E a Guerra Fria? “Ponto de Virada: A Bomba e a Guerra Fria” esmera-se em detalhar, privilegiando a construção do Outro assustador, o regime russo-soviético. Da espionagem ao Red Scare de Joe MacCarthy, aos julgamentos do casal Rosenberg, aos testes secretos de armas nucleares em ambos os lados, à formação de enormes conglomerados de inteligência e defesa, às operações secretas da CIA (Irã e Guatemala) e à crise dos mísseis em Cuba – todas as variantes são devassadas, sem apelações sensacionalistas tão frequentes nas intermináveis produções estilo History Channel. A objetividade da narrativa documental sustenta-se na edição de imagens e depoimentos, contrastando, até onde é possível, visões e conclusões. Vários entrevistados russos e ucranianos comparecem, críticos em relação à ascensão de Putin e sua insaciável escalada de poder.
Não se sabe, insistindo, como reagiriam os atuais ideólogos do Kremlin a interrogações sobre tudo isso – sabe-se, entretanto, quais são as posições públicas de Putin sobre a Ucrânia, sobre a ameaça da OTAN, sobre a soberania e a segurança de seu país. São inúmeras as falas e imagens do líder russo elencadas na série, muitas conhecidas e outra nem tanto, apesar de muito citadas – como a famosa Conferência de Munique, em 2007, em que Putin prefigurou sua atual postura anti-Ocidente, incluindo o abandono de boa parte dos compromissos de desarmamento e a própria guerra da Ucrânia, que já completou 2 anos.
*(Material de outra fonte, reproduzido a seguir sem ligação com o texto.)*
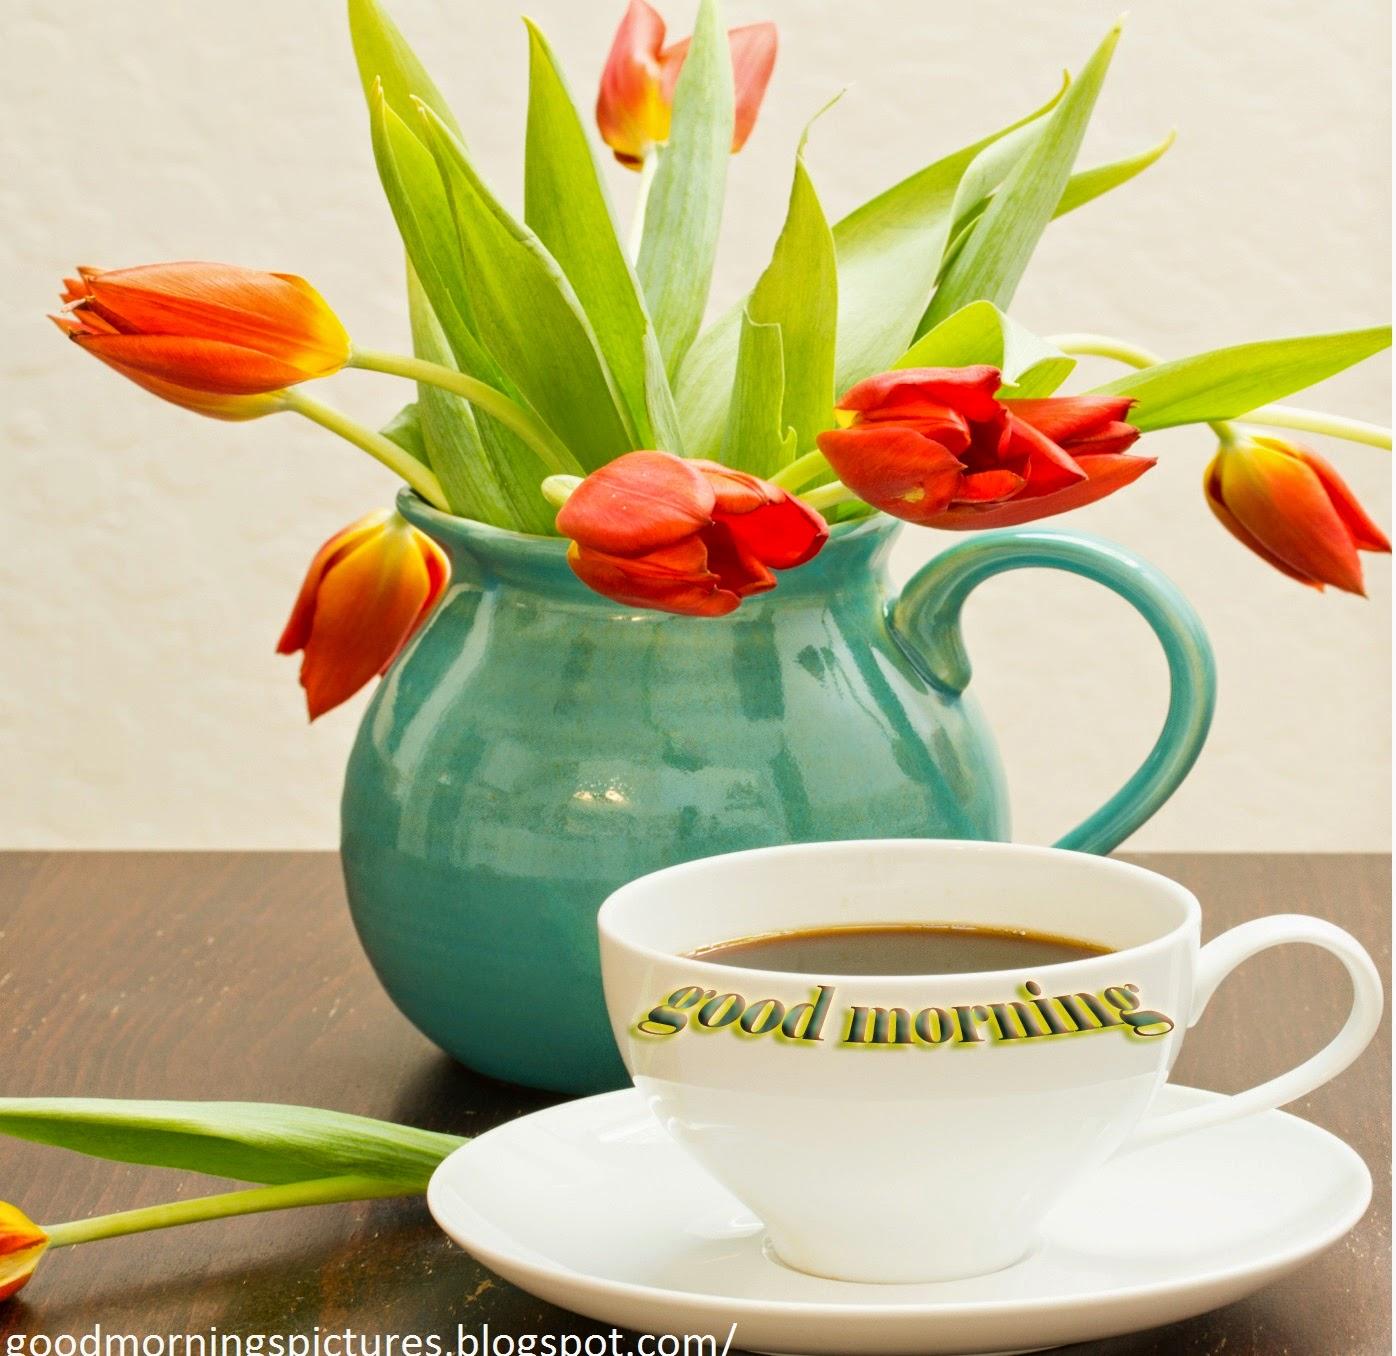 Top 20 good morning beautiful pictures free download beautiful beautiful good morning cup pictures izmirmasajfo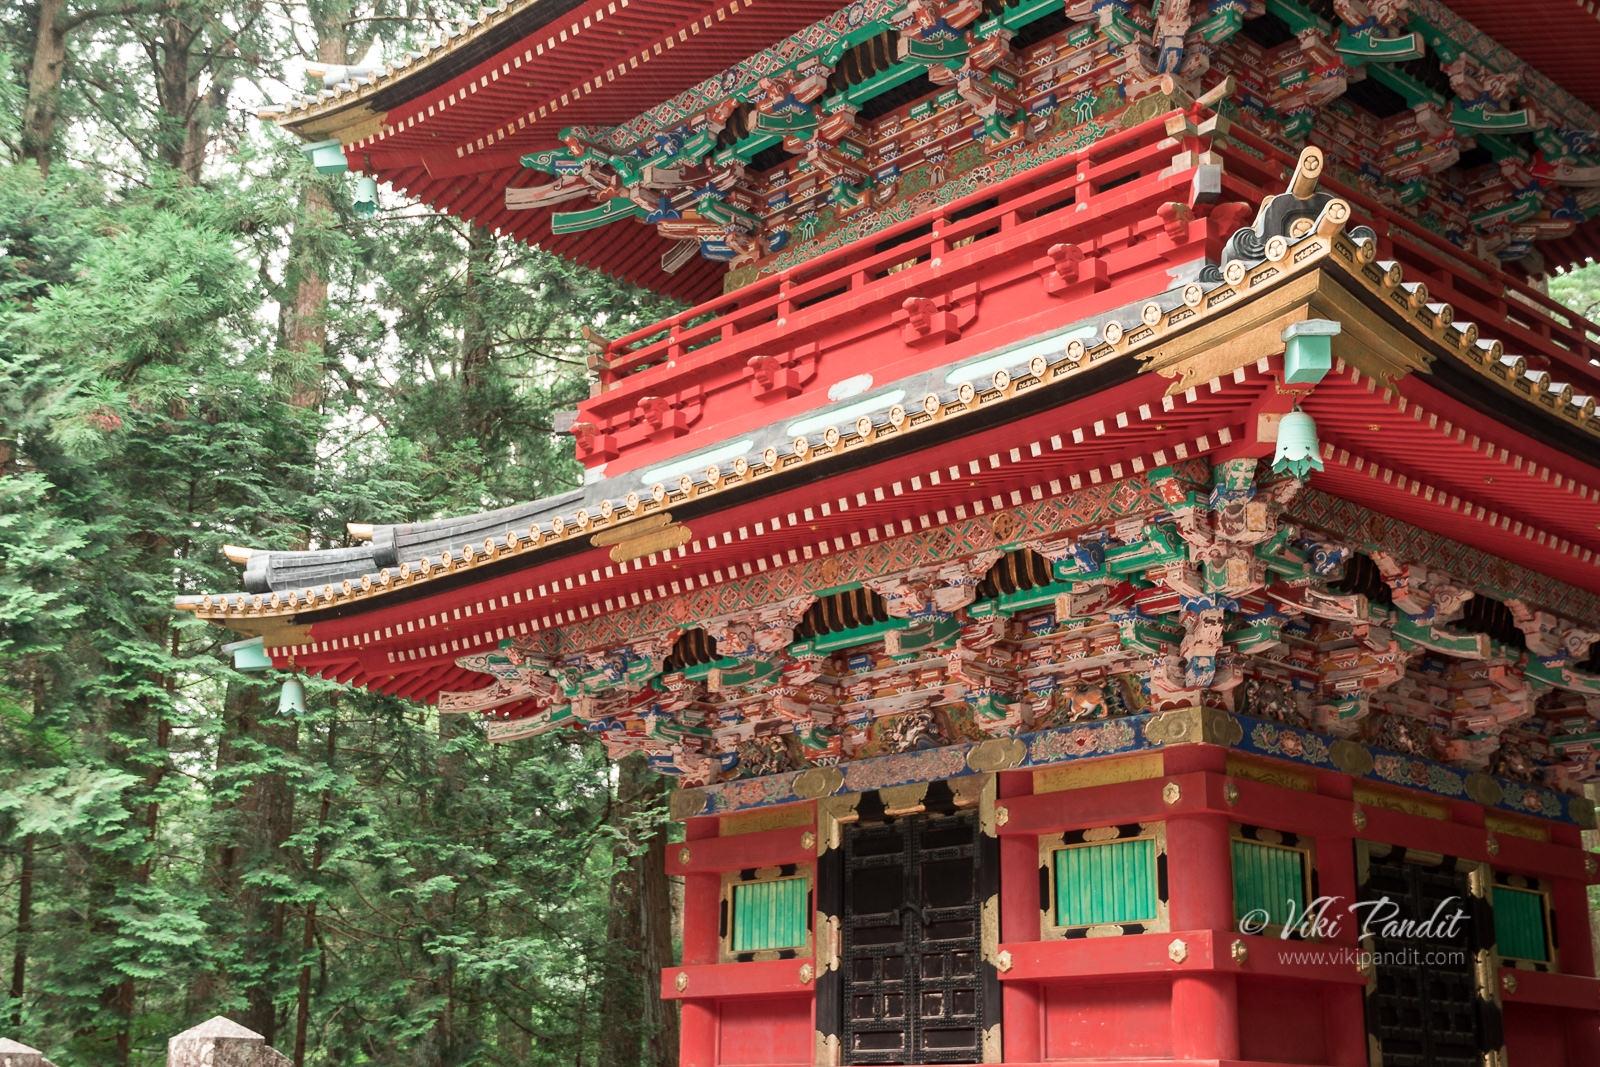 Go-Juu-No-Toh Pagoda

Foi uma tacada audaciosa, sem dúvida: mas a série mergulha também em situações desconfortáveis para ele, como a relação com a Ucrânia após a Revolução Laranja, de 2004, e – pior – os protestos em 2011 e 12 contra sua volta à Presidência, duramente suprimidos.
Não faltarão leituras a denunciar um parti-pris a favor da Ucrânia – Zelenski é um dos entrevistados, suas falas parecem dirigir-se a uma audiência de fund raising. “Ponto de Virada: A Bomba e a Guerra Fria” alcança 10 horas de duração, acumulando contextos particulares e tentando articular uma abordagem geral. Por exemplo, um evento como Maidan – onda de manifestações e agitação civil, na Ucrânia, entre 2013 e 2014, que levaram à queda do governo pró-Rússia, visto por alguns como “golpe” e emancipação democrática por outros (a maioria dos ucranianos) – é dissecado em suas vicissitudes específicas e contextualizado no quadro geral das relações entre a Rússia e a Ucrânia.
A Guerra Fria, enfim, parece não ter terminado, ao contrário do que imaginaram Ronald Reagan e Mikhail Gorbatchov. Não está fácil.